If I were making the tax laws, I would not simply repeal the Bush tax cuts. I would greatly increase taxes on the rich. Why? Because there is too much poverty, too much hunger, too much sickness, too much disparity between rich and poor here in America, the land of wealth and opportunity. I doubt that most people are aware of the enormous gap between the wealth of the top 1 percent of people in America and the rest of us. Those very wealthy people have excellent health insurance and health care. Perhaps that is why we hear so much drivel about how America has the best health care in the world. We don’t, but very wealthy Americans probably do.

What George Will and the right-wingers fail to mention is that according to the Census Bureau and a study by the Sociology Department of the University of California, as of 2004, the top 1 percent of Americans owned 42.2 percent of all privately held financial wealth in America, and the next 19 percent owned 50.3 percent, which means that just 20 percent of the people owned 85 percent of the wealth in America! Their wealth was 190 times greater than that of the median U.S. household. The top 10 percent had 85 to 90 percent of stock, bonds, trust funds, and business equity, and over 75 percent of non-home real estate.

Conservatives have been trying to eliminate inheritance taxes, which they call “death taxes.” According to a study published by the Federal Reserve Bank of Cleveland, only 1.6 percent of Americans inherit more than $100,000. Another 1.1 percent inherit $50,000 to $100,000. On the other hand, 91.9 percent of the people in America inherit nothing.

Of all the new financial wealth created by the American economy in the 21-year-period between 1983 and 2004, 42 percent of it went to the top 1 percent.
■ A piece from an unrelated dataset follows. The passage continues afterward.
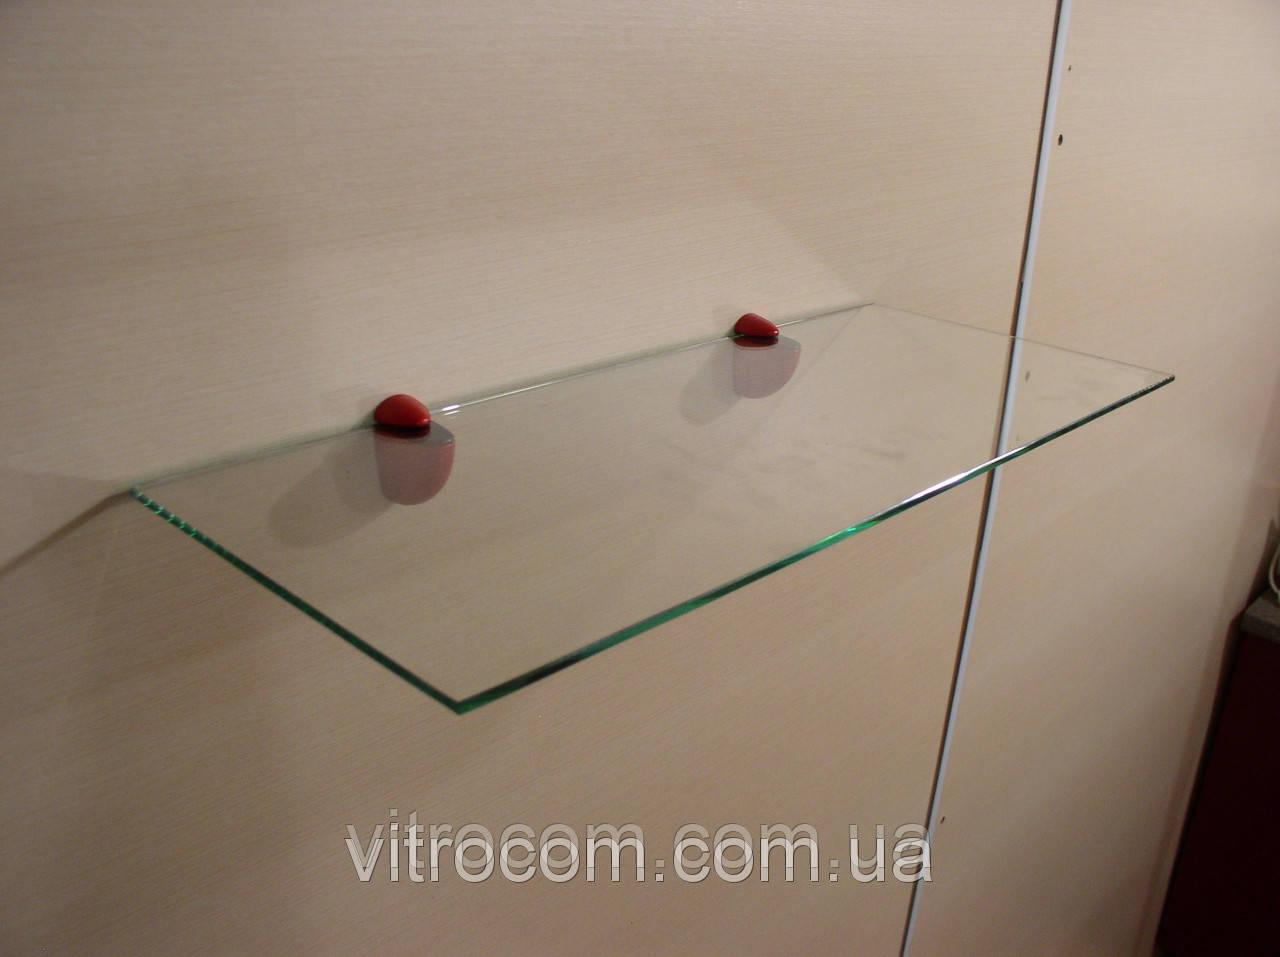 Полка стеклянная прямая 6 мм прозрачная 60 х 12 см

A whopping 94 percent went to the top 20 percent, which of course means that the bottom 80 percent received only 6 percent of all the new financial wealth generated in the United States during the '80s, '90s, and early 2000s.

A 2007 study by the Congressional Budget Office (CBO) found that the top 1 percent of income earners in America nearly quadrupled their share of the nation's income between 1979 and 2005, while their effective income tax rate dropped by 15 percent.
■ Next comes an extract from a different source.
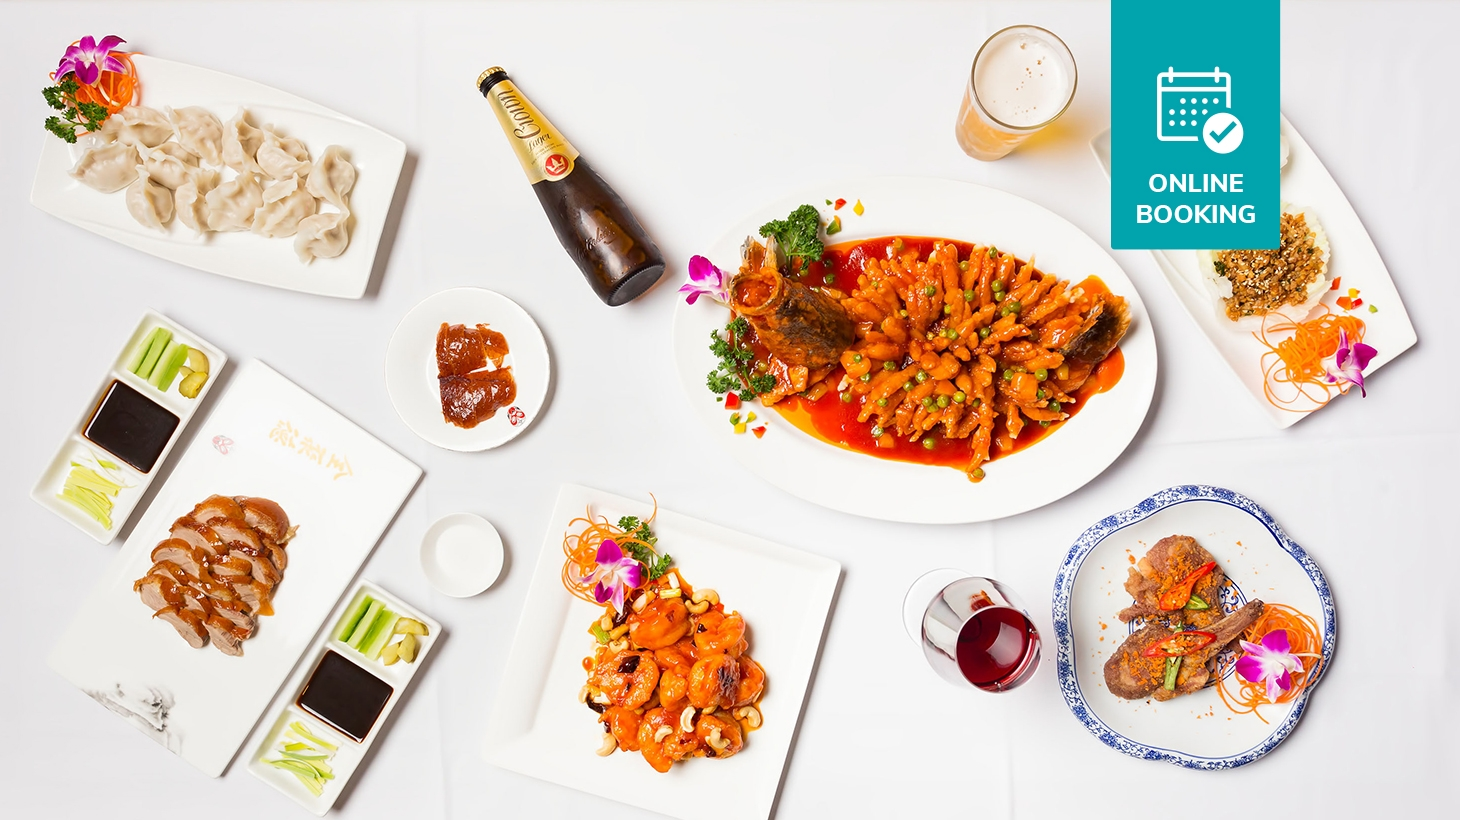 Dining & Restaurant Deals | Save Now | Scoopon

According to the Center on Budget and Policy Priorities, income growth in America Between 1979 and 2006 was starkly uneven. Real after-tax incomes for the top 1 percent of households rose by 256 percent, or $863,000, compared to 21 percent, or $9,200, for households in the middle fifth, and 11 percent, or $1,600, for households in the bottom fifth. In 2006, the average household in the top 1 percent had an annual income of $1.2 million, up $63,000 just from the prior year.

Yes, the wealthy people in America suffered losses during the recession, but percentage-wise those losses were nothing compared to what the middle and lower income people suffered. Now that the stock market is rebounding, the rich are recouping their losses. Middle and lower income people will never recoup their losses from foreclosed homes, lost jobs, lost health insurance, and bankruptcies.